Интерпретация, основанная на весьма сомнительной идее, будто произведение художника состоит из элементов содержания, насилует искусство. Она превращает его в предмет для использования — для помещения в схему категорий.
VII
Конечно, интерпретация господствует не всюду. Можно предположить, что в современном искусстве многое мотивируется желанием спастись от интерпретации. Чтобы уйти от интерпретации, искусство может стать пародией. Оно может стать абстрактным. Оно может стать “всего лишь” декоративным. И может стать не-искусством.
Бегство от интерпретации особенно заметно в современной живописи. Абстрактная живопись — это попытка изгнать содержание в обычном смысле слова; где нет содержания, там нечего истолковывать.
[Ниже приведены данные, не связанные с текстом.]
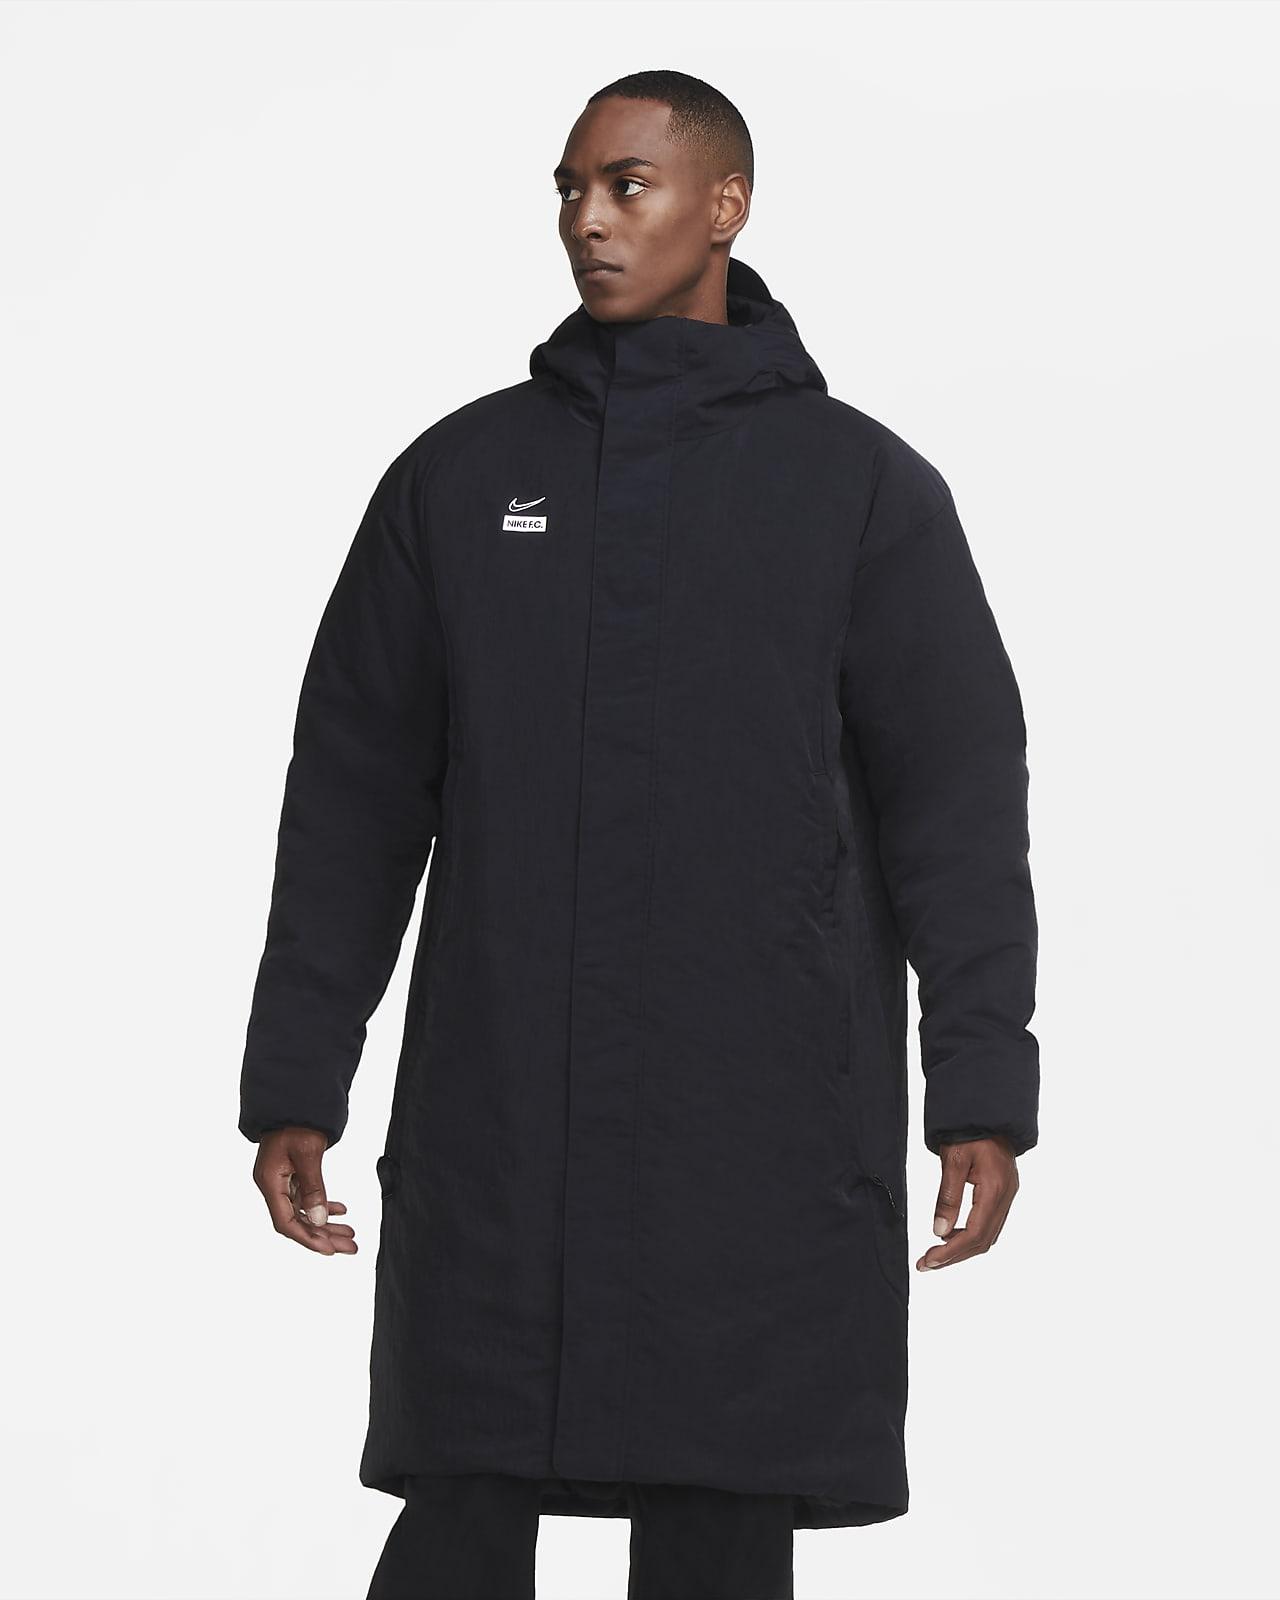 Nike F.C. Men's Synthetic-Fill Football Jacket

Противоположным путем к тому же результату идет поп-арт, пользуясь содержанием, таким очевидным, таким “как есть”, он тоже становится неинтерпретируемым.
Также и в современной поэзии — начиная с великих французских новаторов (в частности, символистов, — хотя само это название сбивает с толку) с их попытками ввести молчание в стихи и восстановить в правах магию мира — многое избежало грубых интерпретаторских объятий, Последняя революция в поэтических вкусах, революция, которая свергла Элиота и вознесла Паунда, выражает неприязнь к содержанию в общепринятом смысле слова, досаду на то, что сделало современные стихи добычей ретивого интерпретаторства.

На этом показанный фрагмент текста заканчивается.